2
votes

I am working on a multiclassification project and I noticed that no matter what classifier I run the precision and recall are the same within a model.

The classification problem has three distinct classes. The volume of the data is rather on the small side with 13k instances divided into test (0.8) and train (0.2).

Training data has a shape of (10608, 28) and labels are the shape of (10608, 3) (binarized label).

The classification is imbalanced:

  • label 0 represents 30% of all labels
  • label 1 represents 4% of all labels
  • label 2 represents 66% of all labels.

I am comparing different classifiers, to later focus on the most promising ones. While calculating precision and recall for each model I noticed that they are always the same within a model.

Due to how precision and recall are calculated they can be the same when the number of false-negative predictions equals the number of false-positive predictions FP = FN.

enter image description here

Examples:

SGD classifier

sgd_clf = OneVsRestClassifier(SGDClassifier(random_state=42))
sgd_clf.fit(data_tr, labels_tr)
y_pred_sgd = cross_val_predict(sgd_clf, data_tr, labels_tr, cv=5) 
cm_sgd = confusion_matrix(labels_tr.argmax(axis=1), y_pred_sgd.argmax(axis=1))  

cm_sgd:
array([[1038,   19, 2084],
       [ 204,   22,  249],
       [ 931,   48, 6013]], dtype=int64)
precision_score(labels_tr.argmax(axis=1), y_pred_sgd.argmax(axis=1), average="micro")  
0.666760935143288
recall_score(labels_tr.argmax(axis=1), y_pred_sgd.argmax(axis=1), average="micro") 
0.666760935143288

FP=FN=3535

Logistic regression

lr_clf = OneVsRestClassifier(LogisticRegression(random_state=42, max_iter=4000))
lr_clf.fit(data_tr, labels_tr)
y_pred_lr = cross_val_predict(lr_clf, data_tr, labels_tr, cv=5)
cm_lr = confusion_matrix(labels_tr.argmax(axis=1), y_pred_lr.argmax(axis=1))

cm_lr: 
array([[ 982,    1, 2158],
       [ 194,    7,  274],
       [ 774,    9, 6209]], dtype=int64)

precision_score(labels_tr.argmax(axis=1), y_pred_lr.argmax(axis=1), average="micro") 
0.6785444947209653
recall_score(labels_tr.argmax(axis=1), y_pred_lr.argmax(axis=1), average="micro") 
0.6785444947209653


FP=FN=3410

Random forest

rf_clf = OneVsRestClassifier(RandomForestClassifier(random_state=42))
rf_clf.fit(data_tr, labels_tr)
y_pred_forest = cross_val_predict(rf_clf, data_tr, labels_tr, cv=5)
cm_forest = confusion_matrix(labels_tr.argmax(axis=1), y_pred_forest.argmax(axis=1)) 

cm_forest: 
array([[1576,   56, 1509],
      [ 237,   45,  193],
      [1282,   61, 5649]], dtype=int64)
precision_score(labels_tr.argmax(axis=1), y_pred_forest.argmax(axis=1), average="micro")
0.6853318250377074
recall_score(labels_tr.argmax(axis=1), y_pred_forest.argmax(axis=1), average="micro")  
0.6853318250377074

FP=FN=3338

How likely is it that all the models have the same recall and precision within a model? Am I missing something?

1

1 Answers

4
votes

This is happening because you are calculating the micro average of your scores. In the docs, it is described as:

Calculate metrics globally by counting the total true positives, false negatives and false positives.
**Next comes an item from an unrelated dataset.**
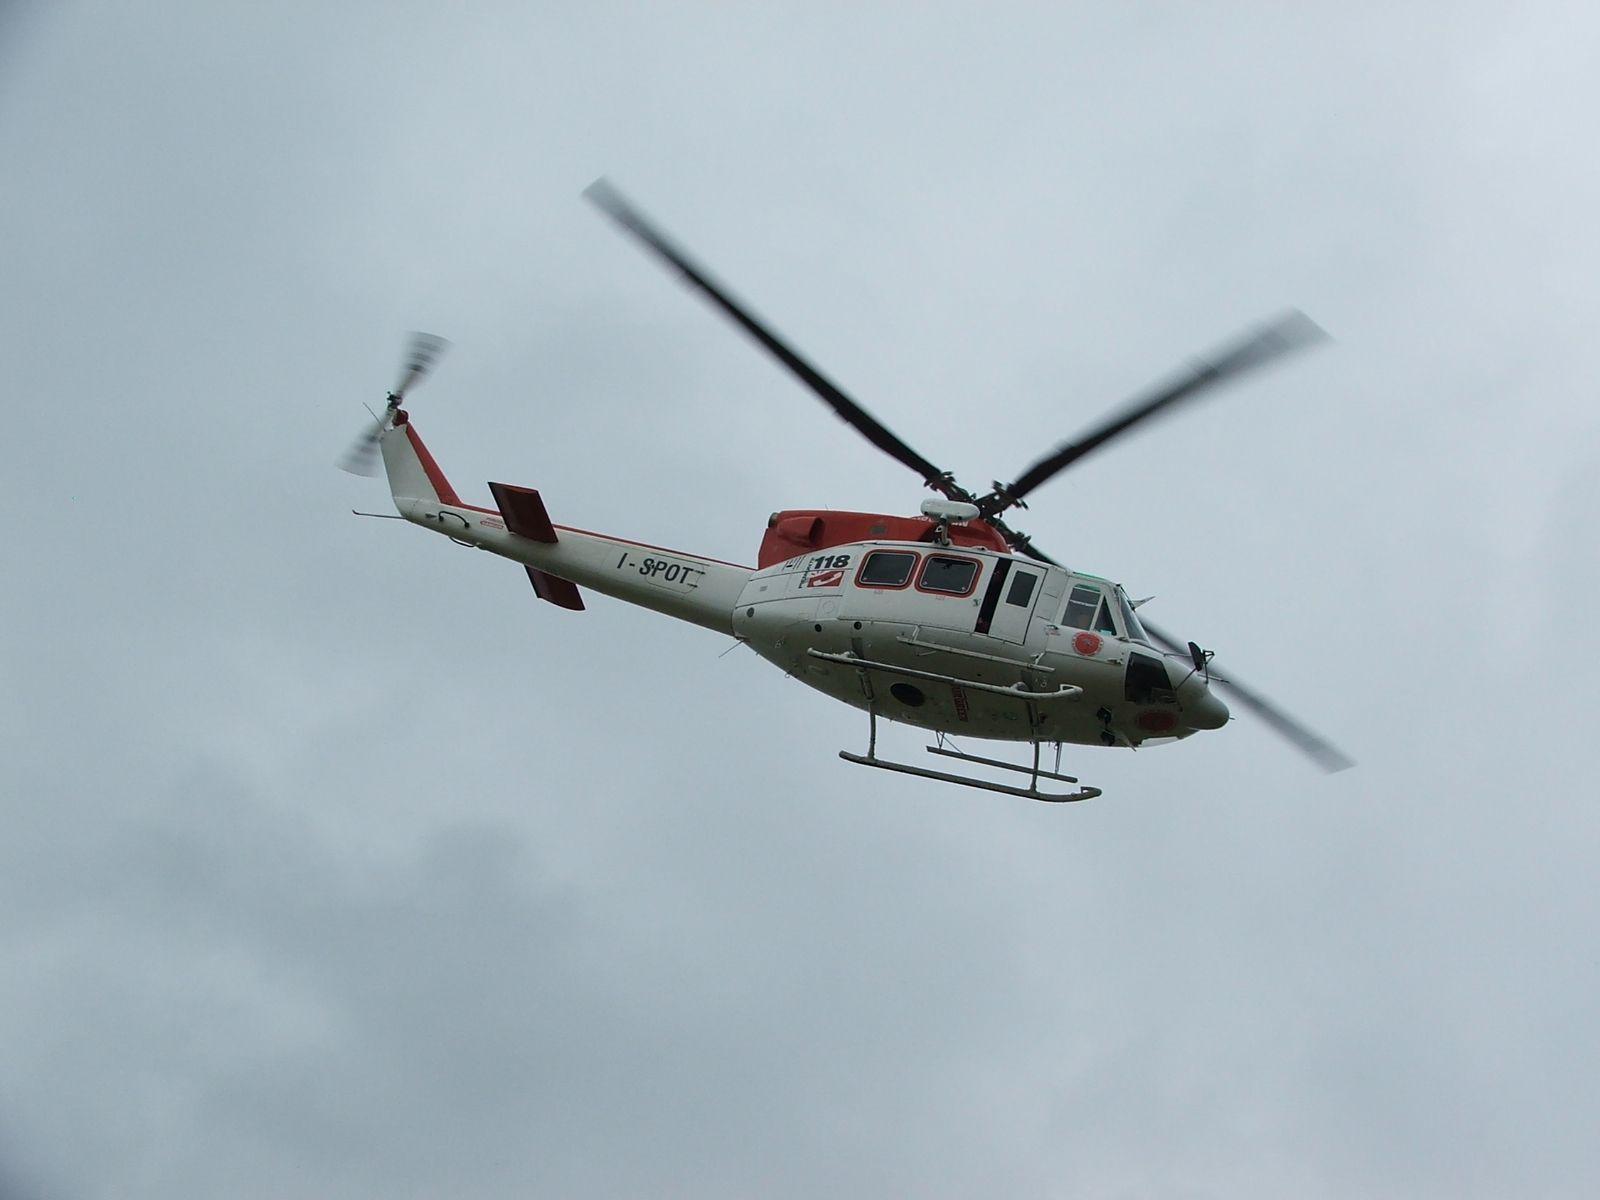 CUORGNE' - Sbaglia l'atterraggio: un parapendista ferito

Now here is the catch: in classification tasks where every test case is guaranteed to be assigned to exactly one class, computing a micro average is equivalent to computing the accuracy score. This is why you get the same result for precision and recall in each model: you are basically computing the accuracy in all cases.

You can verify this by using accuracy_score and comparing the results.

As a consequence, you should better evaluate the precision and recall of your models with either macro or weighted average instead.